"Conducteur de train à la SNCF depuis 25 ans, voici combien je gagne chaque mois"
On peut le croiser sur les rails de l'Est de la France. Sébastien, conducteur de TER, a accepté de parler de son quotidien au Journal du Net.
16 048 kilomètres : c’est la distance qui sépare la Tour Eiffel de l’opéra de Sydney, c’est aussi la distance que parcourra Sébastien Mougenot au cours des prochains mois. Conducteur de train à la SNCF, ce quadragénaire file sur les rails de la Haute-Saône, des Vosges et du Rhône aux commandes d’un TER.
Un métier “solitaire” que Sébastien a démarré non pas en transportant des voyageurs, mais des machines. De 2000 à 2012 au moins, l’homme originaire de la région de Belfort travaillait pour SNCF Fret, à Dijon puis à Mulhouse.
Aujourd’hui, Sébastien passe plusieurs heures de ses journées dans sa cabine et conduit les passagers jusqu'à Vesoul, Belfort, Lyon ou encore Besançon. “Il n'y a pas deux journées identiques, pas deux semaines similaires”, confie-t-il. Les horaires diffèrent systématiquement : au sein d’une même semaine, il peut démarrer le service à 5h47, 12h05 ou 6h30, suivent ensuite plusieurs heures de conduite et une fin de service tantôt à 21h02, tantôt à 8h30. Les jours de repos varient également d’une semaine à l’autre et, presque la moitié du temps, ils ne coïncident pas avec le week-end.
“Socialement, il y a un impact énorme”, estime Sébastien.

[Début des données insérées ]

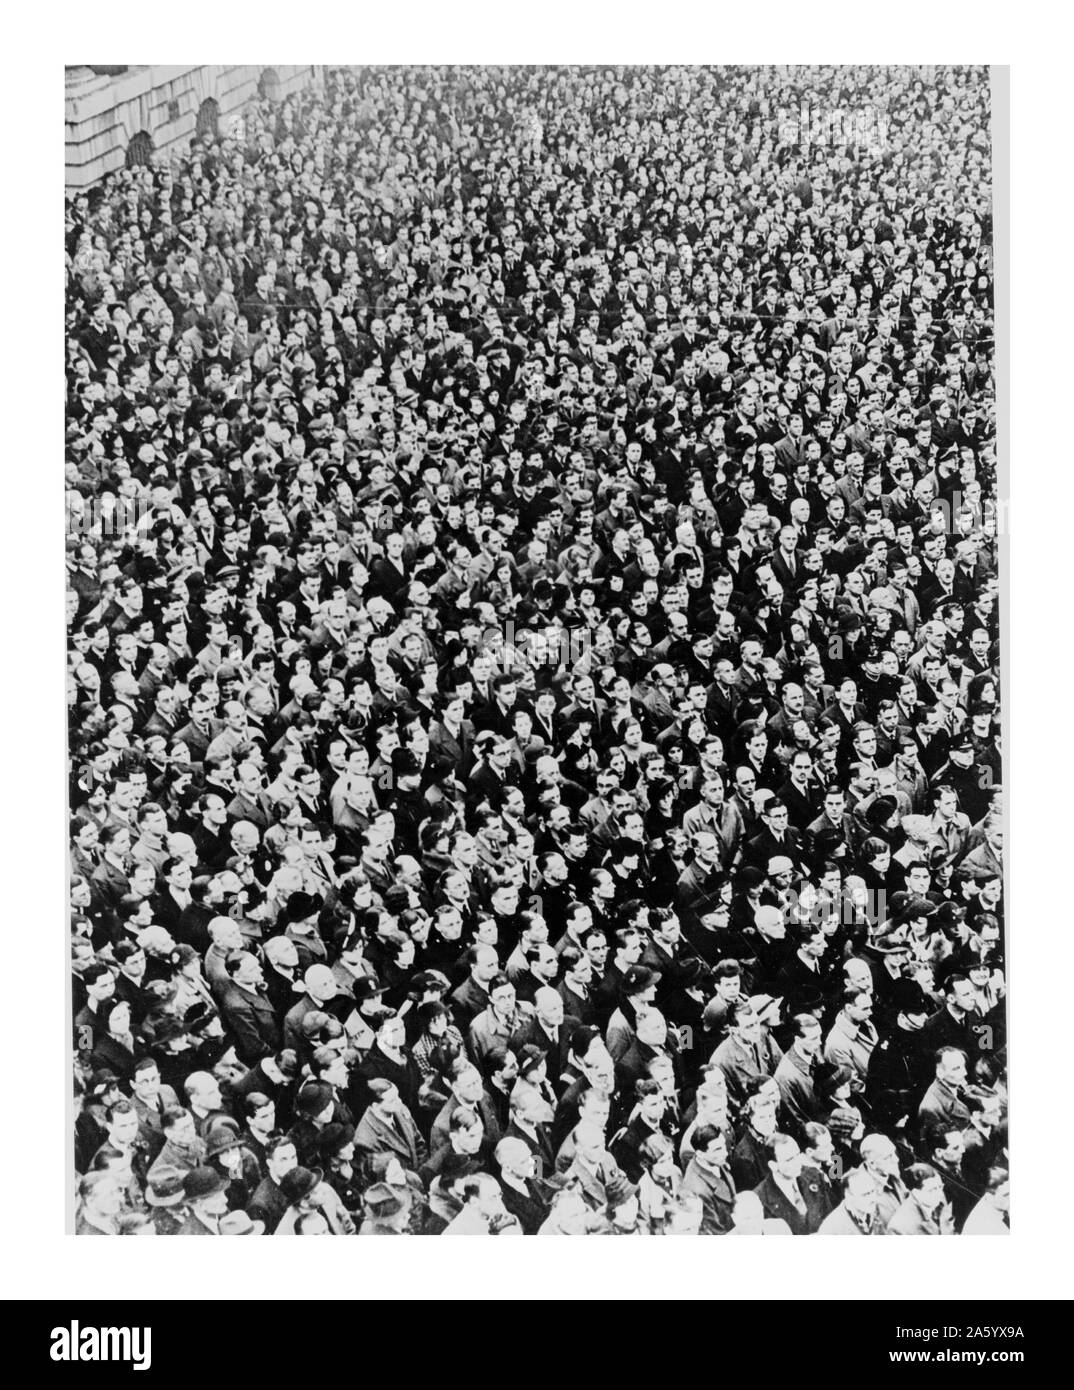 London, England. Crowd on Armistice day, at the end of world war two in Europe, 1945 Stock Photo
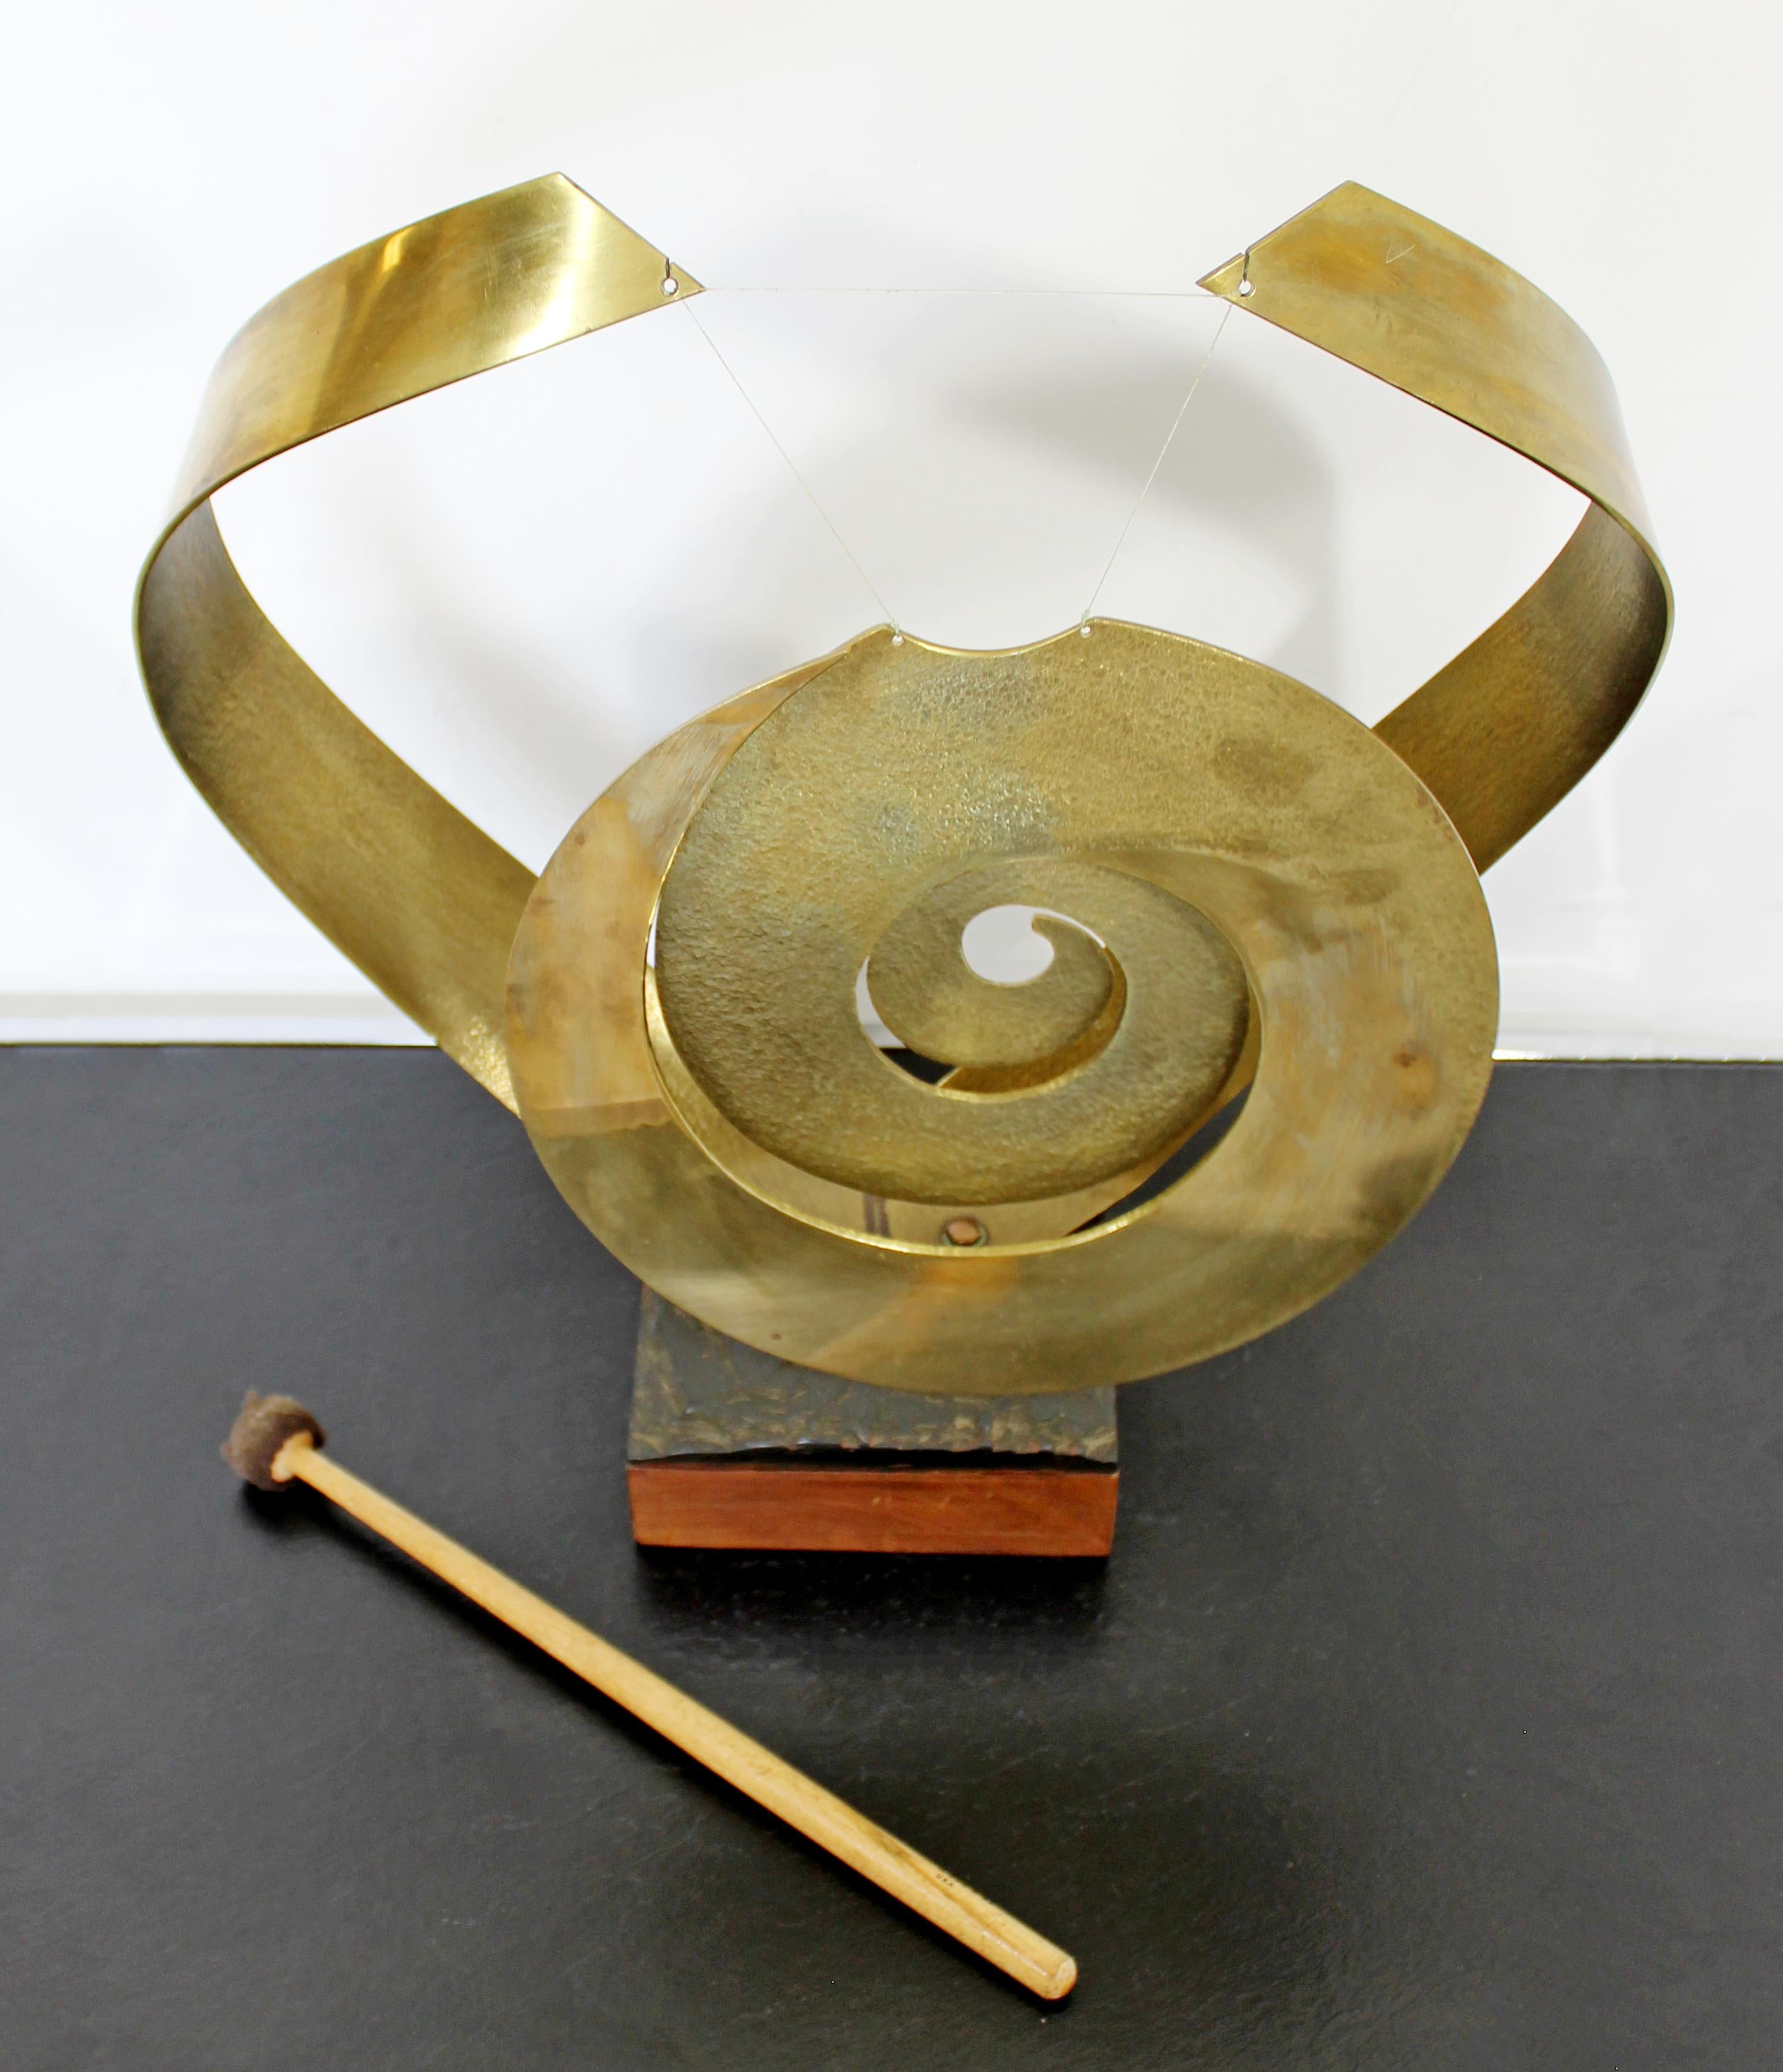 For your consideration is a stupendous, gong table sculpture, made of bronze, titled

Le métier est difficilement compatible avec une vie sociale ou associative régulière. “Lorsque mes jours de pause tombent un mardi et mercredi, difficile d’organiser des après-midis entre amis.” De même pour les sports collectifs : "Je peux être présent trois semaines d’affilée puis disparaître pour les trois suivantes." Ce père de deux filles dort aussi un à deux jours par semaine à l'extérieur de son domicile.
Pour son travail, Sébastien touche 37 000 euros net par an, avant impôt sur le revenu, ce qui fait environ 3 080 euros par mois. Mais son salaire n’est pas le même d’un mois à l’autre. “Près d’un tiers de ma rémunération varie en fonction du nombre de kilomètres parcourus”, détaille-t-il. Cette variable correspond à environ 800 à 900 euros par mois.
L’animateur au sein du syndicat SUD-Rail insiste : chez les conducteurs de trains, il est difficile de généraliser les montants des salaires. Sa rémunération correspond à sa seule situation et diffère déjà de celle de ses collègues belfortains. C’est que l’entreprise publique emploie deux types de conducteurs : les agents statutaires et les contractuels, eux-mêmes subdivisés en plusieurs catégories. Si les horaires et les conditions de travail sont similaires, salaire, prime et surtout retraite peuvent considérablement varier.
Pour Sébastien, conducteur statutaire, son droit à la retraite s'ouvre à l’âge de 53 ans et 3 mois, mais il doit attendre bien plus longtemps (environ six ans) pour avoir une retraite à taux plein. "Personne ne part à l'ouverture des droits, ce serait suicidaire de partir avec une retraite très faible." Un contractuel devra attendre 64 ans.
“J'ai le truc qui fait fantasmer à peu près la moitié de la France”, Sébastien ironise sur la surcote dont il bénéficie, lui permettant de cotiser plus et donc de partir plus tôt à la retraite. Mais Sébastien n’est pas payé que pour conduire : “Je suis pénalement responsable de mon train. Je dois en assurer la sécurité et faire du dépannage de premier niveau”.
Sébastien insiste sur le fait que son parcours, bien que classique lors de son embauche, est désormais impossible à reproduire pour les nouveaux conducteurs. “La SNCF d'il y a 15 ans n'existe plus.” Depuis le 1er janvier 2025, SNCF Fret n’existe plus, elle a été divisée en deux structures. Par conséquent, les passerelles entre le Fret et le TER ne sont “absolument plus possibles maintenant”.
L’homme craint pour l’avenir de ses jeunes collègues : “L’organisation actuelle de l’entreprise réduit fortement le champ des compétences, le nombre d’engins utilisés et les kilomètres parcourus. Finalement, cette nouvelle manière de fonctionner limite considérablement les possibilités d’évolution.” Moins de missions variées au travail entraîneront, selon Sébastien, de l’ennui et un décrochage.